In [1]:
%%capture
!pip install datasets transformers tqdm
!pip install torch
!pip install transformers[torch]
!pip install accelerate -U

In [2]:
import pandas as pd
import numpy as np
import ast
from datasets import Dataset
from transformers import pipeline, Trainer, TrainingArguments
from transformers import AutoTokenizer, AutoModelForSequenceClassification
import torch
from tqdm import tqdm

In [3]:
from google.colab import drive
drive.mount('/content/drive')

Mounted at /content/drive


In [11]:
test_df = pd.read_csv('/content/drive/MyDrive/tar_projekt/csvs/dataset_validation_allLevels.csv')
test_df = test_df.loc[test_df['level'] > 1]

texts = test_df['text']
labels = test_df['change']
labels = [ast.literal_eval(string) for string in labels]

In [12]:
test_df

Unnamed: 0,id,text-id,text,num-authors,level,change,text-length
900,medium-1,1,I asked them about something of that nature an...,4,2,"[1, 0, 1, 1, 1, 1, 0]",2813
901,medium-2,2,"In general, be courteous to others. Debate/dis...",4,2,"[0, 1, 1, 1, 1, 1, 1]",1554
902,medium-3,3,Hitler was ethnically German. The part of the ...,2,2,"[1, 0, 0, 1, 0]",2801
903,medium-4,4,It would be good if their athletes could still...,3,2,"[1, 1, 1, 1]",1064
904,medium-5,5,"Mexican here, this is the context: Plan B aros...",3,2,"[0, 0, 1, 1]",1941
...,...,...,...,...,...,...,...
2695,hard-896,896,There's actually many different ways a tank ca...,2,3,"[0, 1, 0, 0]",1745
2696,hard-897,897,"ok, and, as the article mentions, the vast maj...",4,3,"[1, 1, 0, 1, 0, 0, 0, 0, 0]",1500
2697,hard-898,898,"Ok, I went through the online thingy to self-v...",2,3,"[0, 0, 0, 1]",1196
2698,hard-899,899,They're not stupid.
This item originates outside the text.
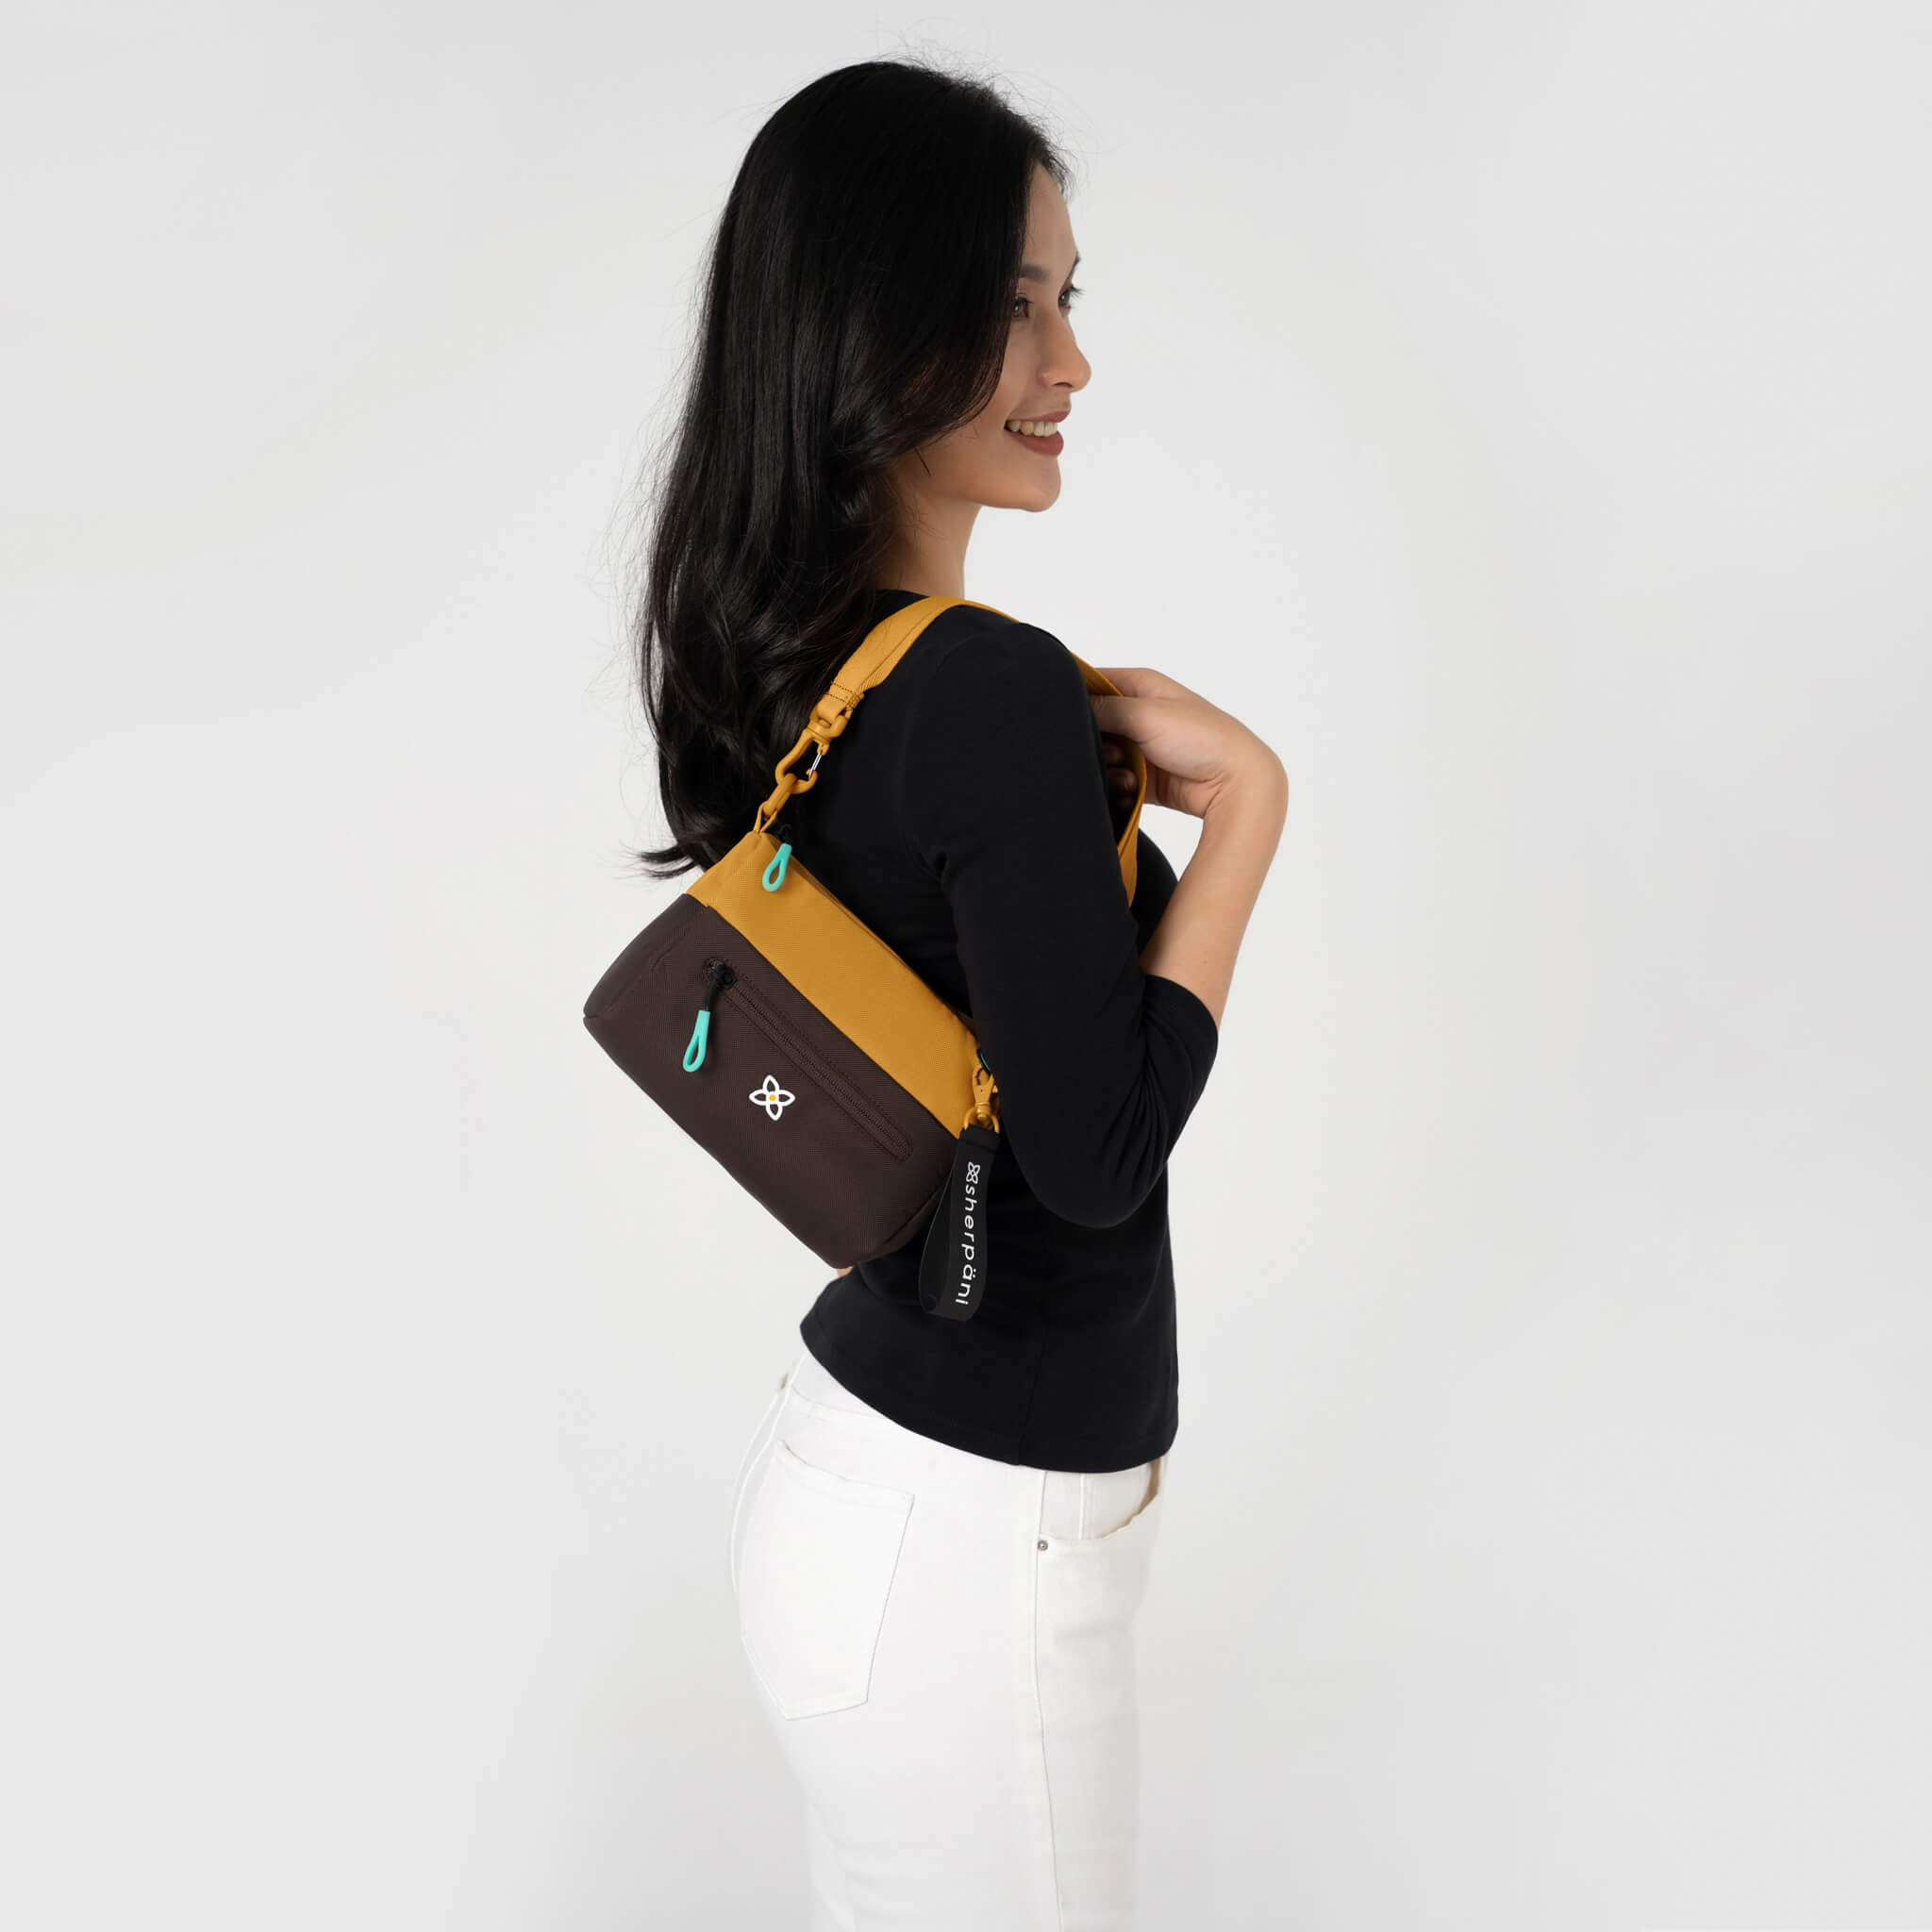 A model showing the small shoulder bag style of Sherpani handbag, the Skye in Sundial.

Without US support and pro...,2,3,[1],1095


# 1. Evaluation on whole dataset

In [13]:
test_data = []

for text, label in zip(texts, labels):
    paragraphs = text.split(' ||| ')
    for (p1, p2), y in zip(zip(paragraphs, paragraphs[1: ]), label):
        p1 = p1.strip()
        p2 = p2.strip()

        test_data.append({'text': p1 + '\n' + p2, 'label': y})

In [15]:
test_data = Dataset.from_pandas(pd.DataFrame(test_data))
test_data[0]

{'text': 'I asked them about something of that nature and they weren’t willing to work with me on it (it’s a committee in the advising office that makes the determination.) Basically they said that my petition wouldn’t get approved unless I late withdrew after making another “effort,” which I honestly don’t want to have to do (a) for financial reasons, I’m 23 living independently and lost my job to covid but the school won’t help me with financial aid at all so I’m $100k+ in loan debt and (b) it may sound like BS, but I don’t want to go through the humiliating and overwhelming stressful process of taking a language class, since my last attempt at the university my professor called me lazy multiple times despite me going to office hours and working my butt off.\nYou probably need to secure the waiver from the disability resource office, they will have the ability typically to make the academic departments stick to it.',
 'label': 1}

In [16]:
# Loading the model and tokenizer
# Load the saved model and tokenizer
model = AutoModelForSequenceClassification.from_pretrained("/content/drive/MyDrive/tar_projekt/results_model")
tokenizer = AutoTokenizer.from_pretrained("/content/drive/MyDrive/tar_projekt/results_model")

In [32]:
def tokenize_function(examples):
    return tokenizer(examples["text"], padding="max_length", truncation=True)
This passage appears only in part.